One of the accused is 76 and stooped. Another uses a walker. The third is in a wheelchair.
No one would accuse the defendants in the Bucks County Register of Wills scandal of being a scary-looking lot.
But prosecutors are out to prove that, for years, they promoted a harrowing office culture of intimidation, improper political work, and theft.
The much-anticipated Nov. 28 trial date of longtime Register of Wills Barbara Reilly and two of her top assistants moved a step closer Tuesday at a motion hearing in Bucks County Court.
Prosecutors and defense lawyers engaged in more than two hours of legal jousting over the charges facing Reilly, 75; First Deputy James McCullen, 76; and former Second Deputy Rebecca Kiefer, 65. Much of it centered on defense claims that prosecutors improperly used Reilly's and Kiefer's refusals to answer some grand jury questions in a way that violated their constitutional rights.
"I have never . . . seen a case where there was this level of violations," said Kiefer's lawyer, Robert Goldman, a former federal prosecutor.
Reilly, first elected in 1975, and Kiefer, her longtime right hand, were charged March 4 with theft, conspiracy, official oppression, tampering with records, and other crimes. The charges were recommended in a 240-page investigative grand jury presentment that says workers in Reilly's office were pressured into doing political work and paid for it with public funds.
McCullen faces lesser misdemeanor charges, essentially accused of knowing about the alleged chicanery and going along with it.
A fourth defendant, former administrator Candace Quinn, pleaded guilty or no contest Sept. 14 to charges similar to those facing Reilly and Kiefer. She has not been sentenced and is available to testify at the others' trial.
When called before the grand jury, Reilly and Kiefer repeatedly invoked their Fifth Amendment rights against self-incrimination - more than 30 times between them.
By including those responses in a presentment that the grand jury was asked to approve, Goldman argued, prosecutors so prejudiced the grand jurors that the charges should be dismissed.
Deputy District Attorney Robin Twombly called Goldman's accusation "outrageous" and "offensive and misleading to the court."
Twombly agreed that jurors hearing a criminal trial should not be colored by a witness invoking a Fifth Amendment right, but said that doesn't apply to grand juries.
"They want to equate one to another, and it's just not correct," she told Philadelphia Senior Judge John Braxton, who is hearing the case to avoid conflicts of interest with Bucks County judges.

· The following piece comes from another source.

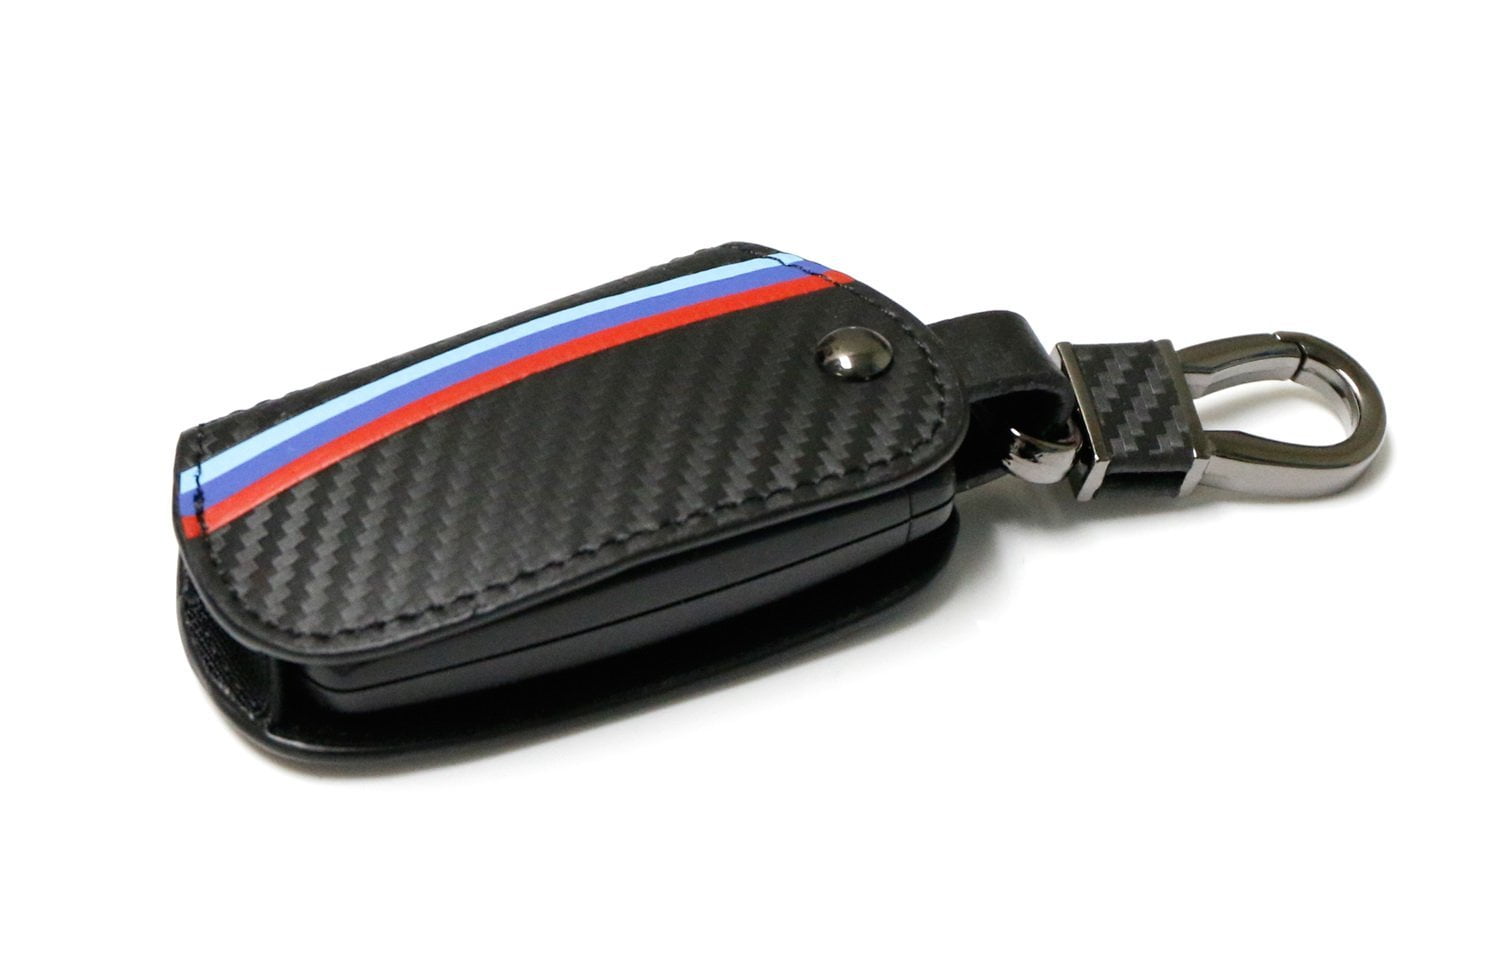 M-Colored Stripe Black Carbon Fiber Pattern Leather Key Holder
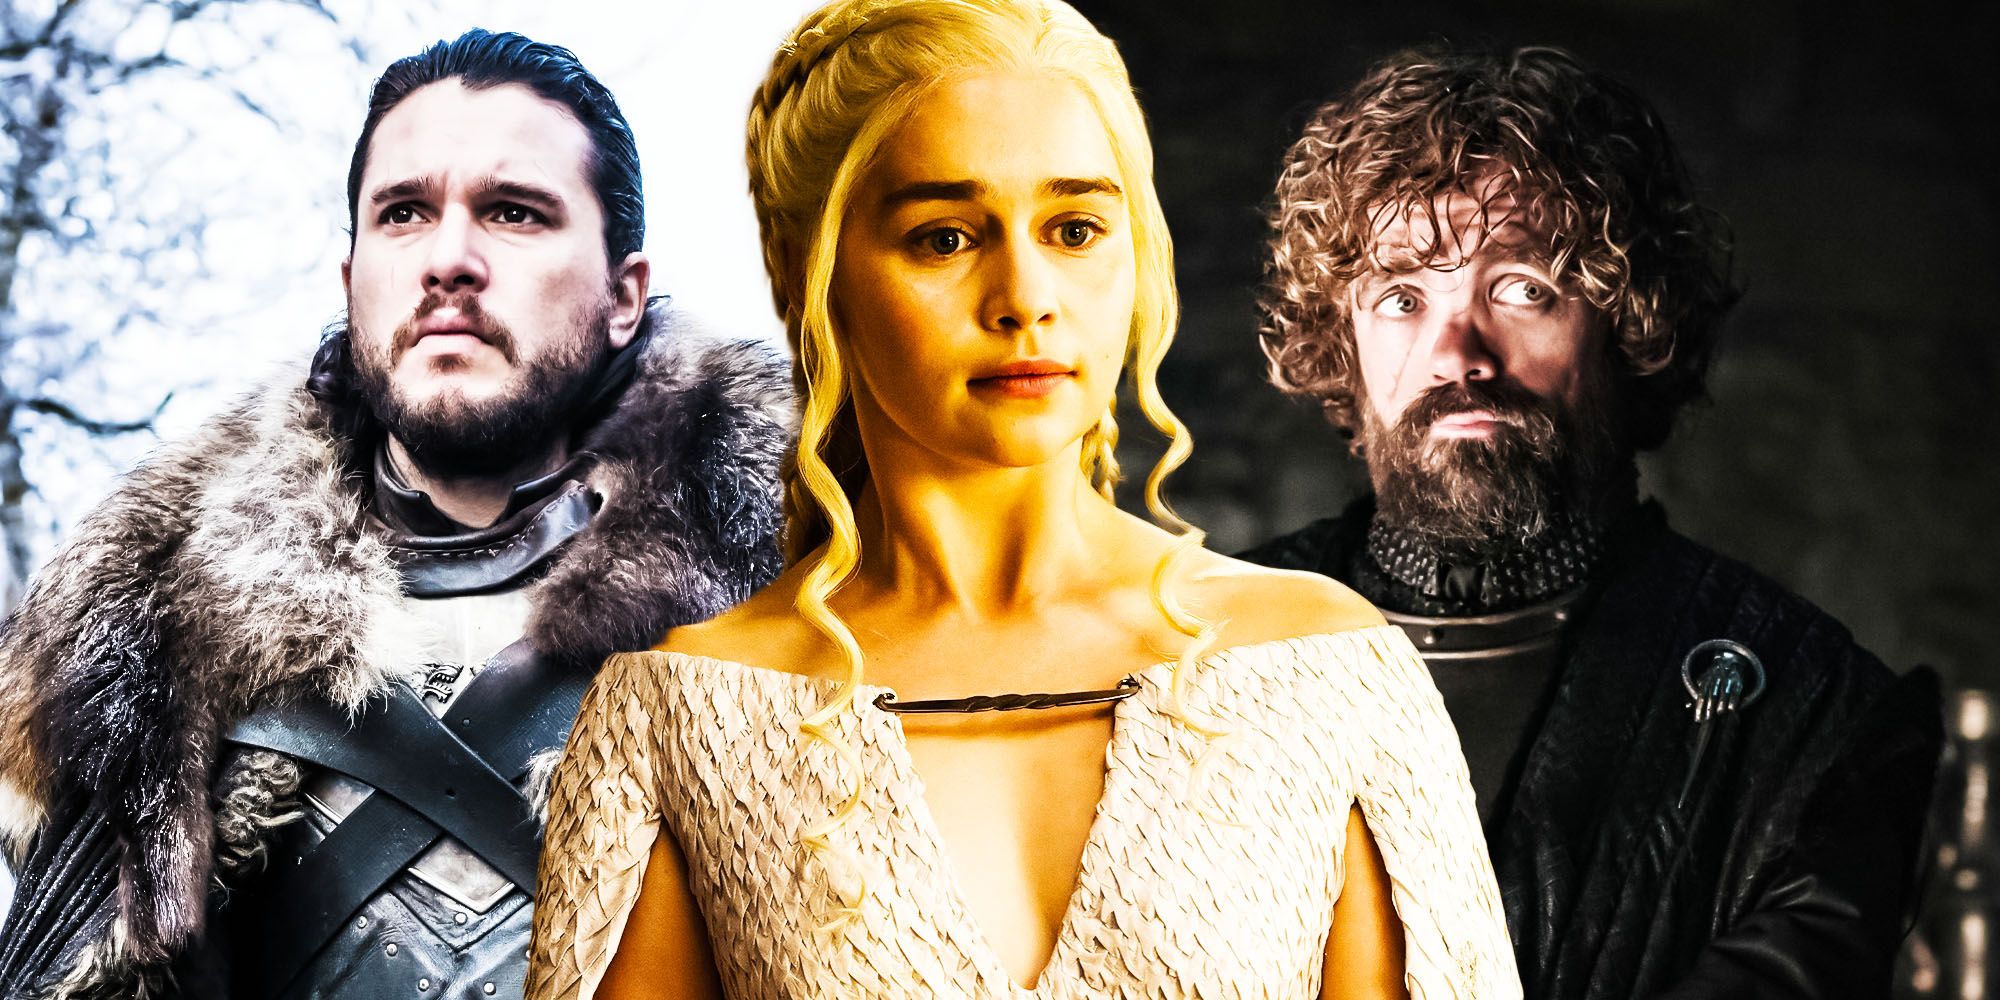 Kit Harington's Jon Snow, Emilia Clarke's Daenerys Targaryen, and Peter Dinklage's Tyrion Lannister in Game of Thrones.

Braxton did not rule on the motion. He did, however, agree to have all of the charges tried at the same time.
Braxton rejected a defense claim that charges of lesser thefts from a petty-cash box would not overly prejudice trial jurors deciding whether Reilly and Kiefer stole from the public by giving employees comp time for doing political work.
"The court sees a culture being revealed here," Braxton said. "It's a broader picture."